The four traveling companions introduced themselves to the giantess, Dorothy and then the others all shaking her large hand. The woman smiled shyly, "I'm Joan Jones."

"That's a peculiar sort of name," said The Tin Woodsman.

Sheepishly, Joan removed the noose from around her neck and said, "To some around here I'm known as The Hung Woman."

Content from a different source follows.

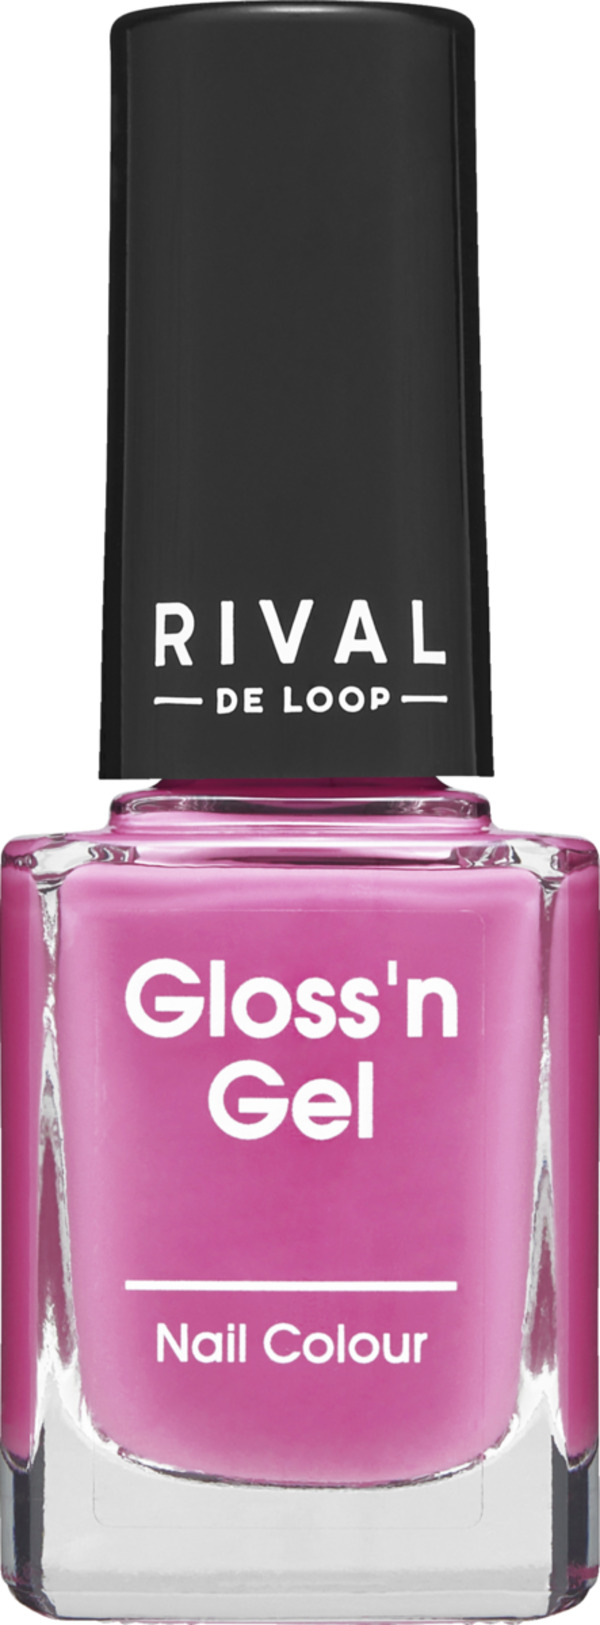 Bild 1 von RIVAL DE LOOP Gloss'n Gel Nail Colour 13

Despite her gentle demeanor the Cowardly Lion felt intimidated by the sheer size of her. He stammered, "But whuh-why do they call you a hung woman if you h-haven't hung yourself yet?"

"And shouldn't that be 'hanged woman'?" asked the Scarecrow, scratching his head.

Big Joan sighed and lifted the front of her skirt for them.

"Arf!" said Toto.

.

OR SO GOES ONE VERSION OF THAT FIRST MEETING WITH THE HUNG WOMAN. ACCOUNTS VARY WIDELY BETWEEN THE VARIOUS MEMOIRS WRITTEN BY DOROTHY AND THE OTHERS, AS WELL AS THE FOURTEEN BOOKS PENNED BY THE "OFFICIAL HISTORIAN OF OZ" MR. L FRANK BAUM, NOT TO MENTION THE CHARMING (IF HOPELESSLY SANITIZED) 1939 FILM VERSION. AND SO WHILE I AM HESITANT TO CALL ANYONE A LIAR, I SERIOUSLY DOUBT THAT JOAN WOULD HAVE SO READILY FLASHED THOSE ANATOMICAL BITS THAT WERE SUCH A SOURCE OF SHAME AND ANGUISH FOR HER.

MS. JONES WILL BE JOINING US SHORTLY, BUT LET'S START THIS TALE A FEW MILES BACK DOWN THE FAMOUS YELLOW ROAD, AT A PART THAT YOU'LL PROBABLY BE MORE FAMILIAR WITH...
.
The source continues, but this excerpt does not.